Industry onlookers are always anxious to remind us of how many products and processes that we now take for granted in corporate travel actually had their origins in the upstart low-cost consumer sector aimed at the budget-conscious.
And a small news story this week is tipping another low-cost initiative that we shouldn't at all be surprised to see become part of ordinary consumer behaviour.
Level, IAG's new long-haul, low-cost carrier is introducing mobile pay on its flights. The technology, which will be called Pair and Pay, means that passengers can connect their devices with their seatback screen in order to purchase any in-flight ancillaries from food and drink through to WiFi and, in future, in-flight entertainment. Norwegian Air, which has seen rapid growth of its long-haul, low—cost network, already operates a similar on-demand system for ancillaries.
Level, which is initially flying from Barcelona to Los Angeles, Oakland, Buenos Aires and Punta Cana in the Dominican Republican, is targeting the leisure market but as the founders of easyJet and Ryanair can testify, innovative products designed with the backpacker in mind have a way of entering the business travel mainstream.
And this is likely to be no different. First of all, IAG is already openly saying that it is looking at extending Pair and Pay to the other carriers in its organisation. Secondly like so much in the mobile portfolio, the first customers may always be tech-y millennials but the business community follows very shortly thereafter.
Mobile payments may look as if they're for the young — just watch how many under-25s aim their phone at the payment pad when entering the London tube or a bus — and merely an easier way to pay than trying to retrieve a card to flash for the purpose.

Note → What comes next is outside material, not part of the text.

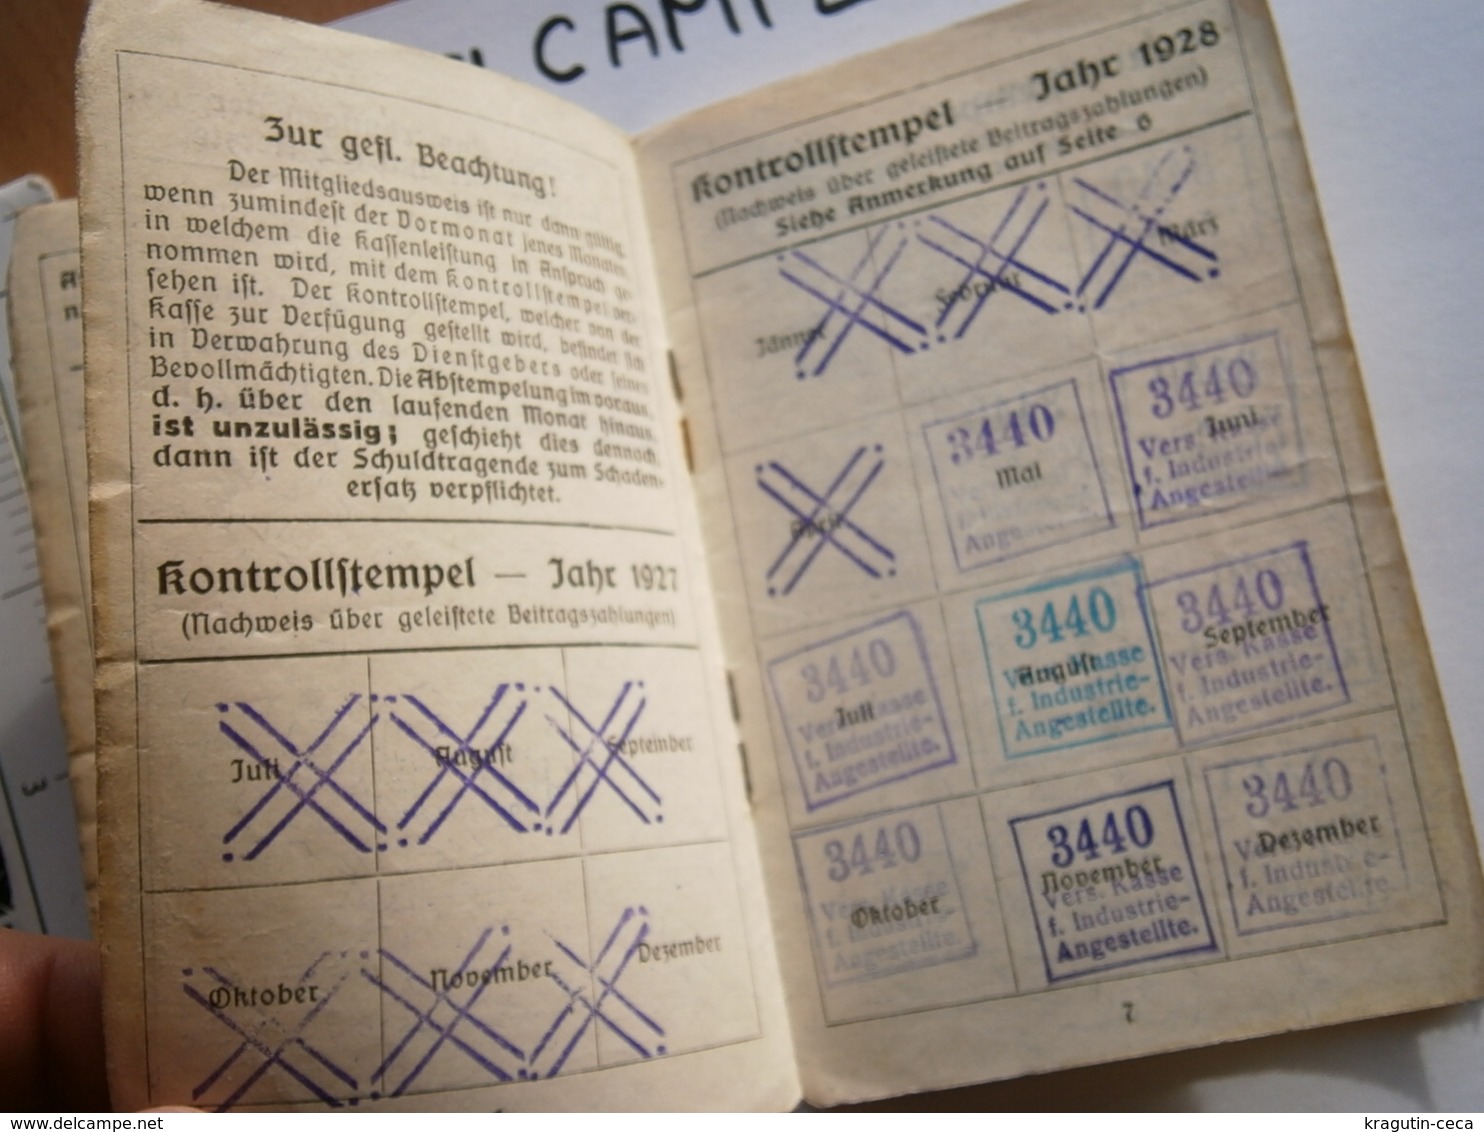 1930 WIEN OSTERREICH VIENNA AUSTRIA Mitgliedsausweis MEMBER CARD AUSWEIS EMPLOYEES DOCUMENT INSURANCE VERSICHERUNGSKARTE - Membership Cards
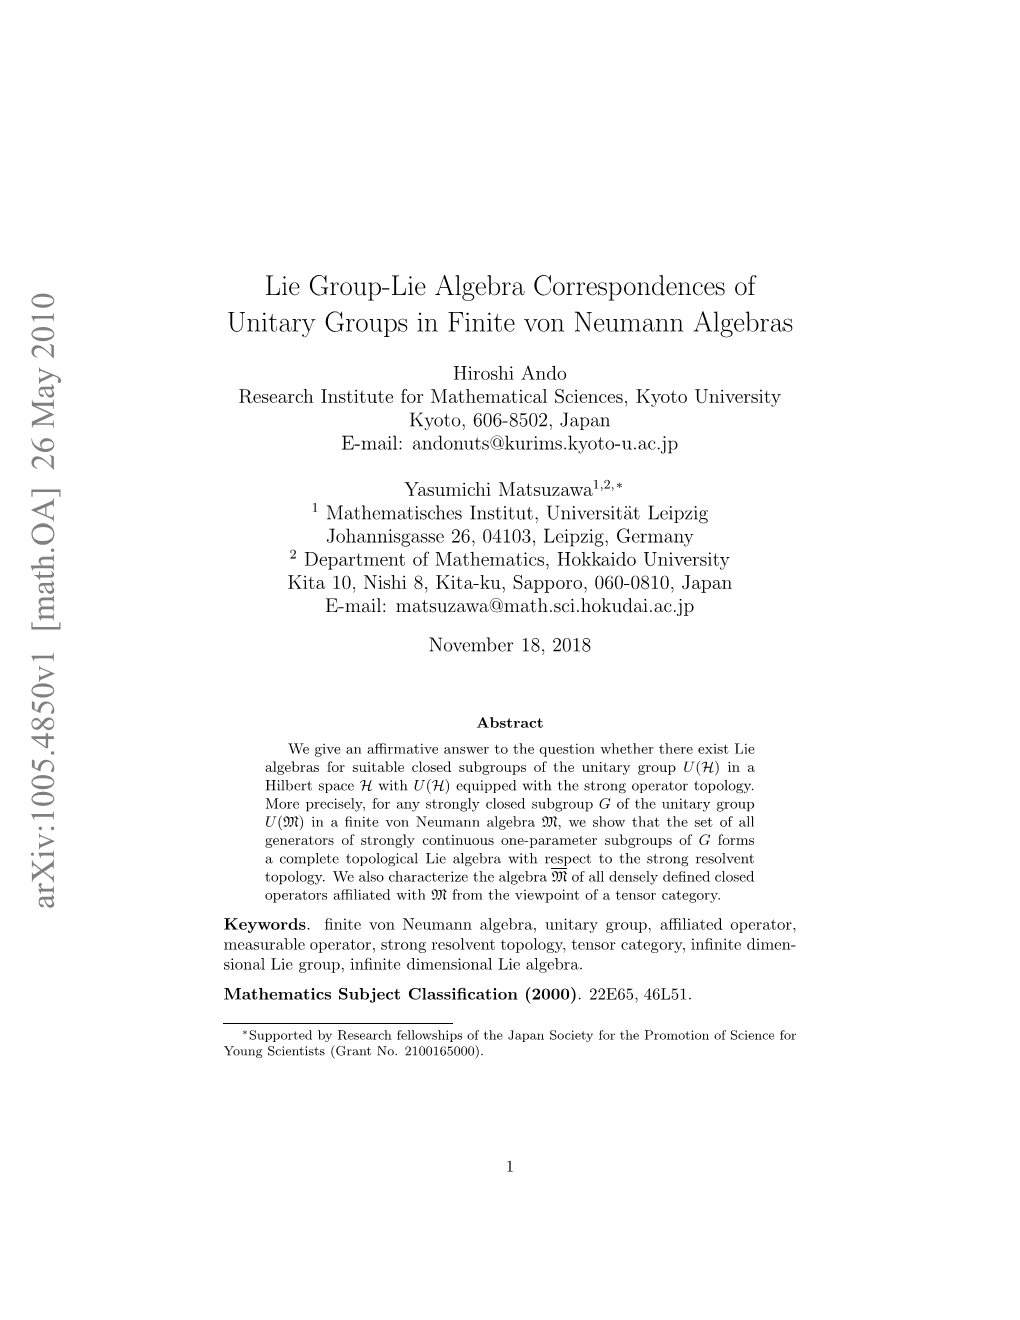 Lie Group-Lie Algebra Correspondences of Unitary

In theory the corporate manager could benefit enormously.
Like their corporate card antecedents mobile payments are much more than a means of payment. Each individual device will be linked with a traveller so that any expenditure can be linked to an individual, a department, a project and a specific trip. Controls can be put in place as to what is (say in-flight WiFi) and what is not (perhaps access to adult films?) an allowable business expense for that individual.
Yet the challenge is getting access to that data. Level's transactions are controlled through the airline's own Levelair app. This new consumer-focused payment technology may force its way into consideration by corporates but they will have to negotiate with the airlines to get at all that data.